Half of the written comments for case D refer to the use of the calculator [Q25, Q31, Q45]. Two more teachers argue for D being a boy; one writes ‘Considers himself as clever’ [Q17] and refers to the characteristics of being confident, and another ‘takes a chance’ [Q10] focusing on the action. One teacher writes that this must be a girl since ‘Incorrect solution, but ambitious’ [Q35]. Analysing the interviews, most of the teachers choose ‘boy’ except for one teacher that argues for this is a girl because of insecurity [Int 6]. The first symbol attributed to boys is multiple strategies: ‘[He] Doesn’t exactly have a clue what he is supposed to do, and then [uses] several strategies [Int 1]’; ‘Typical calculator behaviour. Several strategies on the calculator [Int 4]’. The other symbol is the calculator itself and the confidence to use it:

[He] Throws himself over the calculator and uses it with pleasure. Has informed himself in all the possibilities [on what you can do on the calculator] [Int 1]; ‘Yes, I think so anyway’: he is confident when he is unsure what to do. He knows what to do—to bring out the calculator. The calculator […] is considered to be reliable [Int 2]. Don’t care about being diligent with details such as bad settings on the calculator [Int 1]; The way of speaking is more like a girl, but the way of using the calculator portrays more a lad. [Int 5]

Compared to case D, the second case (G) encompasses a larger number of different strategies:

Case G (Sumpter, 2013): Student G is trying to solve following task: Find the largest and smallest values of the function y = 7 + 3x − x ² on the interval [−1, 5]. The student first tries to calculate 7 + 3x − x ² = 0, but cannot remember the formula for a second degree equation. Then, G calculates the function values y for the border of the interval, x = 5 and x = −1, and says they are the largest and the smallest value. After that, G looks at the graph on the calculator. G can see where the largest value is on the graph and tries to use the minimum function value tool on the calculator to get the smallest value.
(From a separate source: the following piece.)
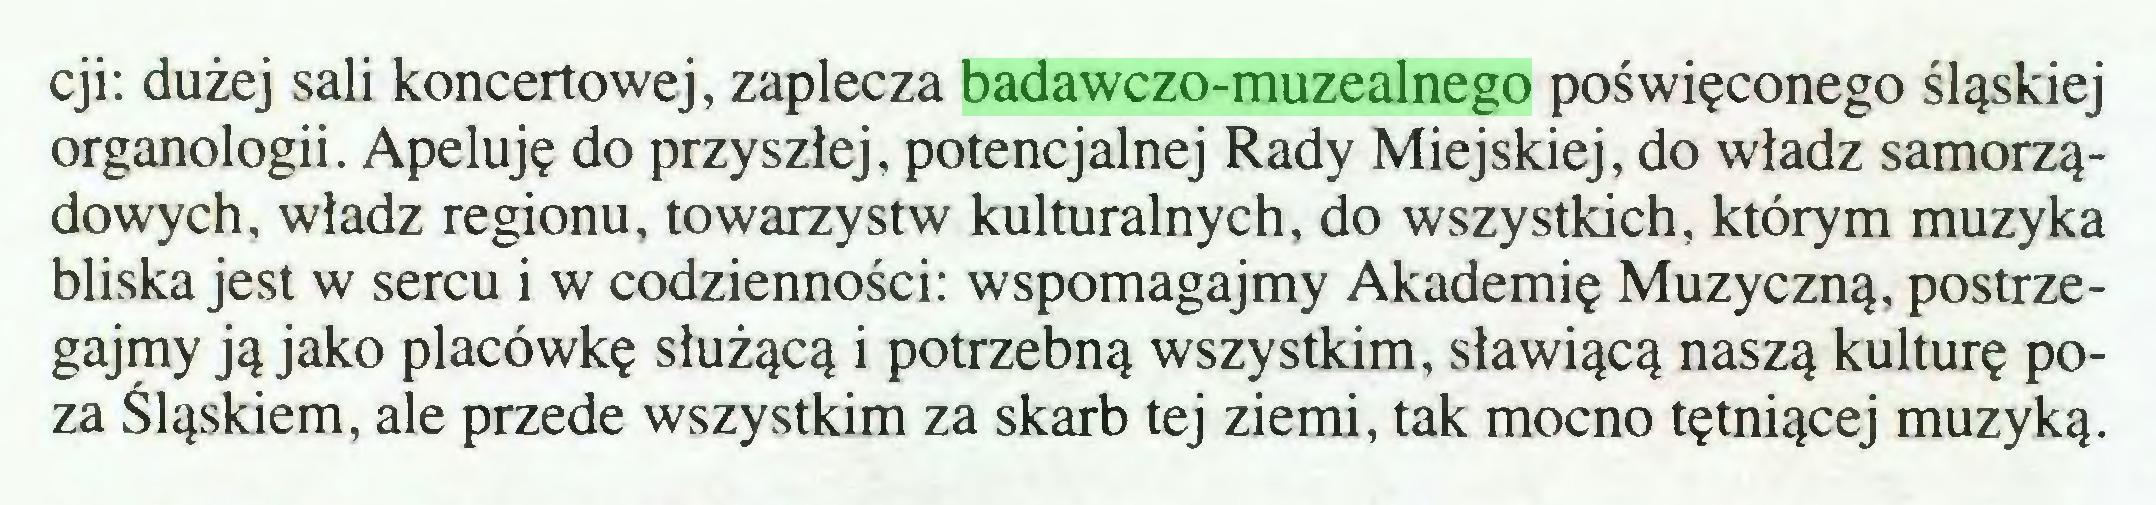 (...) cji: dużej sali koncertowej, zaplecza badawczo-muzealnego poświęconego śląskiej organologii. Apeluję do przyszłej, potencjalnej Rady Miejskiej, do władz samorządowych, władz regionu, towarzystw kulturalnych, do wszystkich, którym muzyka bliska jest w sercu i w codzienności: wspomagajmy Akademię Muzyczną, postrzegajmy ją jako placówkę służącą i potrzebną wszystkim, sławiącą naszą kulturę poza Śląskiem, ale przede wszystkim za skarb tej ziemi, tak mocno tętniącej muzyką...

When this is not successful, G looks at further 14 different tools on the calculator with no result before saying:

G: The answers are these ones [pointing at the borders of the interval].

Gender Symbols.

The most frequently used argument for case G is multiple strategies on the calculator [Q16, Q30, Q31, Q34, Q35, Q45, Q46, Q57] especially as a tool for searching or exploring. This is illustrated by this expression: ‘Boys press all the buttons [on the calculator] and hope it will help’ [Q34]. Some teachers use reversed argumentation [Q30, Q35, Q46] illustrated by ‘None of my female students have ever tried 14 tools’ [Q35]. One concludes that boys ‘rely on the calculator, do not think beyond that’ [Q25] emphasising the lack of consideration of the intrinsic mathematical properties. One teacher states that ‘this behaviour seems to frequently recur independent of the math course’ [Q59] saying this is an overall male tendency. Other male symbols are the calculator [Q10] and braveness [Q44]. Analysing the interviews, the situation is similar. All teachers conclude that case G describes male behaviour and how it differs to girls’:

The typical boy. Absolute no clue but the calculator is an extended index finger [Int 1].; Tries with the calculator a lot. Testing strategies so to speak. A guy do that: look for tools, look for tools. Look for all the different tricks [Int 3].; [laughter] Well.. a bloke. The behaviour in itself [counts up all the different strategy choices] [Int 5]. He is unbelievable. He searches. He is fixated that the calculator is the thing that is going to solve this for him. Girls don’t do that. They ask ‘How do you solve this?’. Boys don’t ask the teacher. They searches […] or ask each other [Int 2].; It is with no doubts more common that boys searches through the calculator, that boys explores the calculator. Girls […] do what they are suppose to do. They don’t have to go through the whole lot [Int 4].

Summary DAR.

Combing the symbols for cases D and G, most teachers refer to the calculator and/or multiple strategies. Most often is a combination of the two. Some teachers use binary reasoning saying that this can’t be a girl since girls do not use multiple strategies on the calculator. The very few references to girls are insecurity and being ambitious.

MR.

This type of reasoning is represented by two aspects of a guessing strategy; one (case H) more within the context of the task than the other (case F). Both these cases were statistically significant (p < .001) for ‘boys’ (Sumpter, 2015). Case F describes a guess with reference to not remembering a specific answer.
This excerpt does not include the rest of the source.